Hi Allan! Your WordPress plugin is available at my blog at this address. Planned for the next version is automatic linking of the email address and user customization of the plain-text alternative.

Thanks for the great idea!

Hi Allan,

Thanks for testing eMob. You’ve exposed many of the inferiorities that my initial hack seems to suffer. A JavaScript genius I am not.

The biggest problem seems to come from playing nicely with other plugins that automatically convert the email to a clickable link, resulting in something like

<a href="mailto:<abbr id="...

Before this plugin can be used, it’s apparent that I must fix this issue immediately.

As for the added span’s, development was an iterative process and it just fell out of one of the iterations. ;-) Again, not a JS or DOM person, but I’ll clean that up. Thanks for the tips!

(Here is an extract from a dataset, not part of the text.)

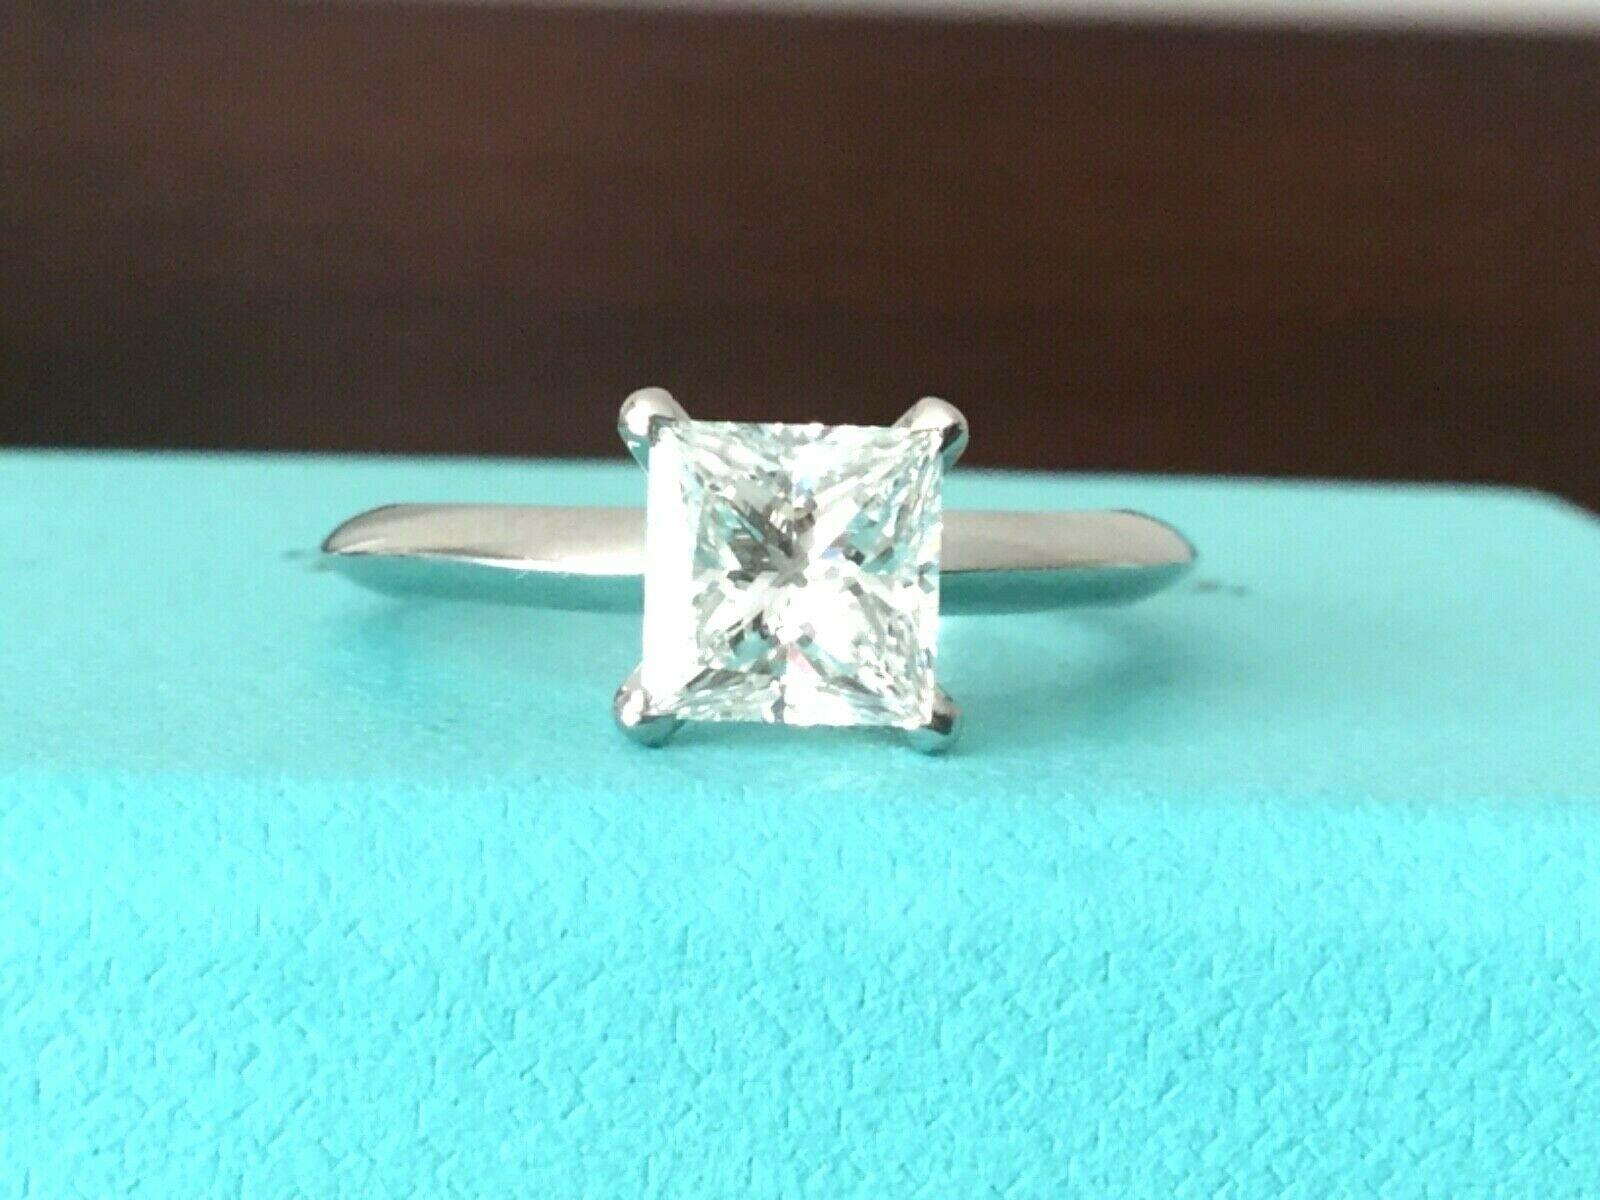 For your consideration is a stunning INVESTMENT GRADE F Color Triple Excellent Tiffany & Co Princess cut 1.26 carat natural diamond solitaire.  The ring shows like a brand new ring with no marks, scratches or nicks.  
This amazing ring retails at

This is awesome! I’ve been obfuscating e-mail address using ROT13 ever since I read your first post on it. Unfortunately I’m still a bit of a Rails newb, so I’m not quite sure what to do with this. I assume I should put it in my application controller? Or is there a better/different place to put it? Anything else I need to do besides that? Thanks!

These days Spam harvesting bots have no trouble parsing javascript. So this technique is well-meant, but I’m sorry to tell you that it’s utterly useless.

Sure they can parse javascript, but is it worth the cost? You have a harvesting bot. You find a bunch of javascript. Do you take the time to run it, hoping it has an email address, or just go to the next chunk of text?

Running a simple regular expression on the input will always be many times more efficient, in terms of email addresses harvested/time, than running the javascript on the page.

If this method becomes common enough and computers fast enough to make running the javascript worth it, the code can always be made more complex, to make the decoding of email addresses slower.

If bots start to run JavaScript (while harvesting email addresses) then we can litter our pages with traps, i.e. put up invisible links to pages that lead to running infinite loops, or even report infested machines via XMLHttpRequest.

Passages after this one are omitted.